Viognier… White grape variety. French (Rhône).
viscous… High fruit extract, often high in alcohol – good if accompanied by balancing acidity, flabby if lacking in acidity.
viticulture… The science of vine cultivation for winemaking purposes; the study of grapes.
vitis vinifera… Species of grape for winemaking.
volatile… Deteriorating. Becoming acetic, acidic.
volatile acidity… Organic acids (particularly acetic acid) and related substances (such as ethyl acetate) in excessive amounts can impart a vinegary or nail polish-remover (acetone) smell to a wine. Low concentrations can enhance the aroma and complexity of a wine, whereas high VA is indicative of unstable wine (sometimes attributed to poor hygiene in the winery) and is usually pungent.
Vranac… Red grape variety. Yugoslavian.
waiter’s friend… Type of ‘corkscrew’ including a knife or blades to assist with the removal of the closure around the neck of a wine bottle. Also referred to as a sommelier knife.
ward… Small homogenous wine-producing area, normally within the boundaries of a district.
weather… Atmospheric conditions – of air and sky – prevailing at a certain time in a certain place: cold to hot, clear to cloudy, dry to wet, calm to windy, high to low pressure, electrical state.
Welschriesling… White grape variety.
White French… See ‘Palomino’.
whole-bunch pressing… The winemaking technique whereby bunches of grapes are pressed without destemming, which some believe can contribute to the freshness of the wine.
wine… Fermented grape juice. Contents: water (over 85%); alcohol (ethyl); glycerol (1%); organic acids (tartaric, lactic, other); carbohydrates; minerals; tannin and colour pigments – also traces of volatile acids (mainly acetic), nitrogenous matter (amino acids, protein, other), esters (mainly ethyl acetate), aldehydes (mostly acetic, vanillin, other), alcohols other than ethyl, traces of vitamins.
wine aperitif… Pertaining to a wine-based drink to which flavour has been added.

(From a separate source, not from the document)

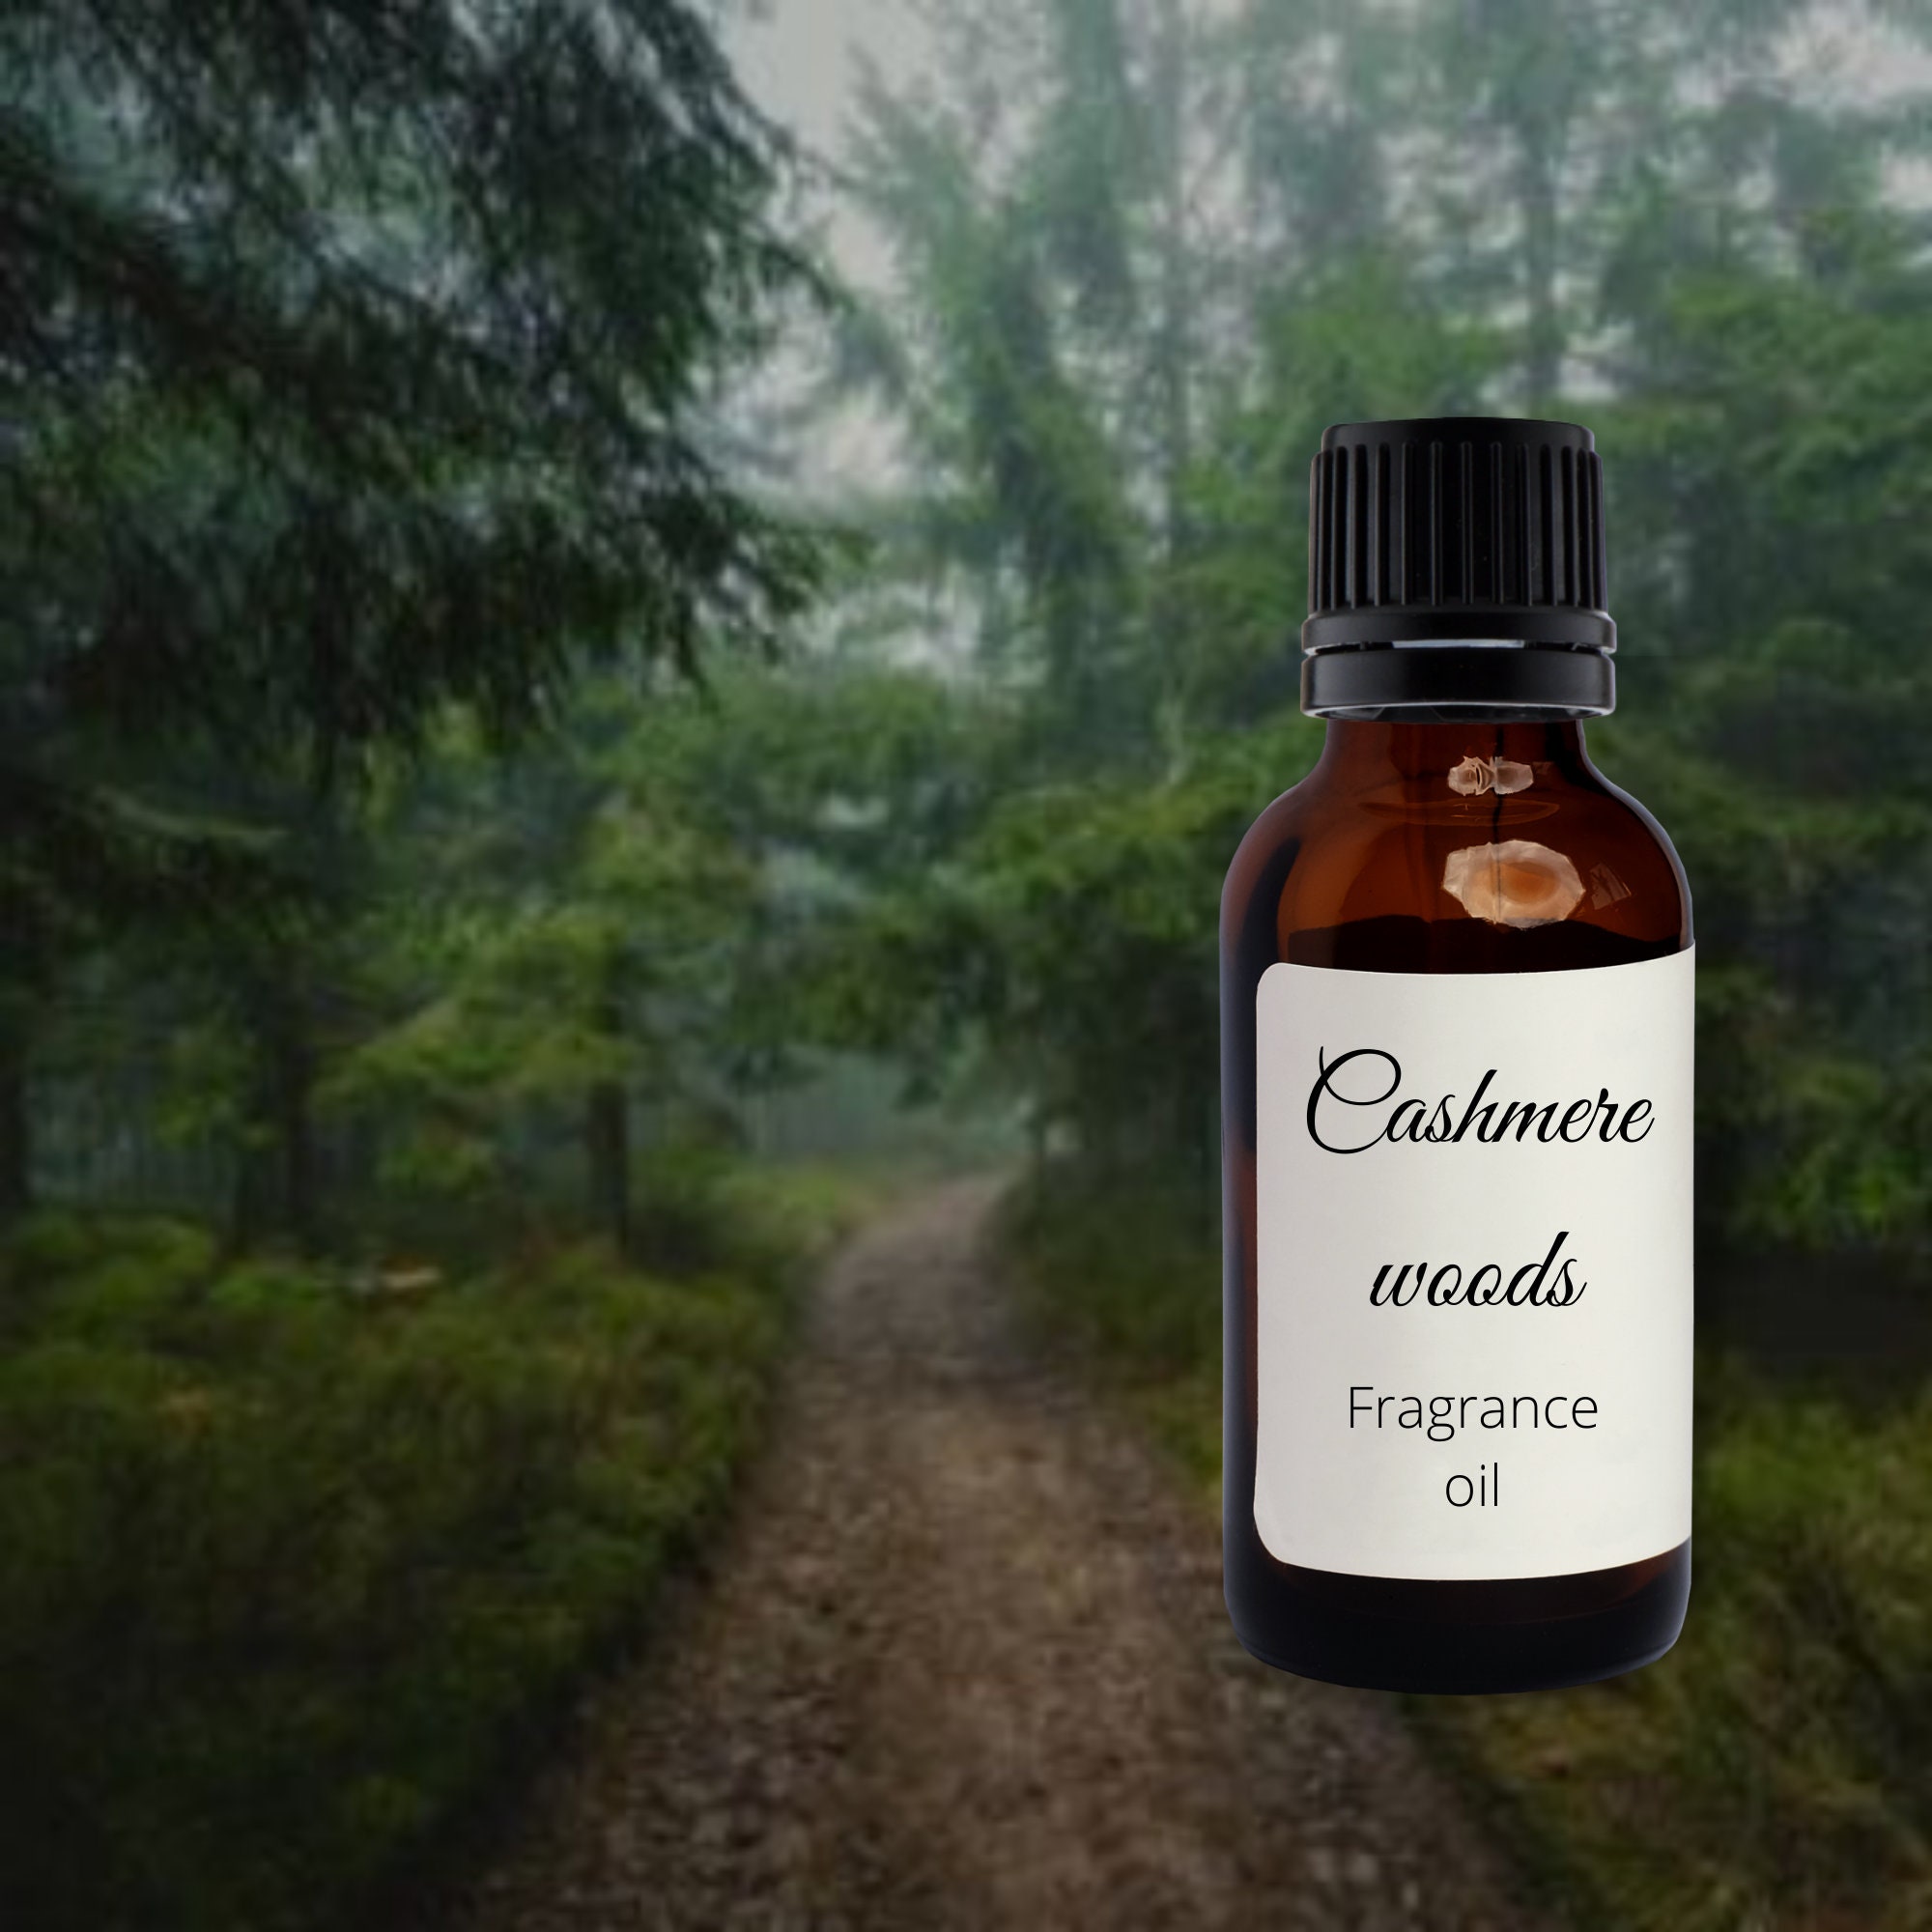 Mystic Moments | Sandalwood Fragrance Oil - 100ml - Perfect for Soaps,  Candles, Bath Bombs, Oil Burners, Diffusers and Skin & Hair Care Items

wine bottles… See ‘bottle sizes’.
winemaking… In brief, in general: cultivation of the vines; harvesting the grapes; destemming; light crushing; pressing of the grapes; fermentation of the juice/must (usually with the addition of yeast cultures) in steel tanks or oak barrels (in contact with the grape-skins for some of the time in the case of reds to extract colour and tannin); racking and/or fining to remove unwanted matter from the wine; wooding as required (for most reds and certain whites, in barrel or alternatively with staves or chips); maturation in barrel (mainly for better quality reds); adding brandy or grape spirit (for fortified wines); bottling; maturation in bottle (for wines that will development with benefit).
wine of origin… Originating from a particular area. In South Africa, the Wine of Origin Seal issued by the Wine and Spirit Board and attached to the neck or capsule of a wine bottle certifies that the grapes from which the wine was made were grown in the area as claimed on the label.
wine storage… See ‘cellaring’.
wood… See ‘barrel’, ‘cooper’, ‘oak’.
woody… Excessive oak flavours, (still) out of balance. See ‘oaky’.
Würzer… White grape variety. German.
Xarello… White grape variety. Spanish.
Xynomavro… Red grape variety. Greek.
yeast… Micro-organisms that when added to grape juice convert the sugar into (ethyl) alcohol and carbon dioxide. Natural or cultivated; necessary for fermentation. (Natural/wild yeasts are contained in the waxy bloom or pruina on the grape skins).
yield… Vineyard productivity, measured in tons or hectolitres per hectare.
zesty… Lively. Crisp.
Zinfandel… Red grape variety. American. Synonyms include Primitivo. Italian.
zymase… The enzyme which is the active agent excreted by yeast in converting grape sugar into alcohol.
zymology… The study of fermentation.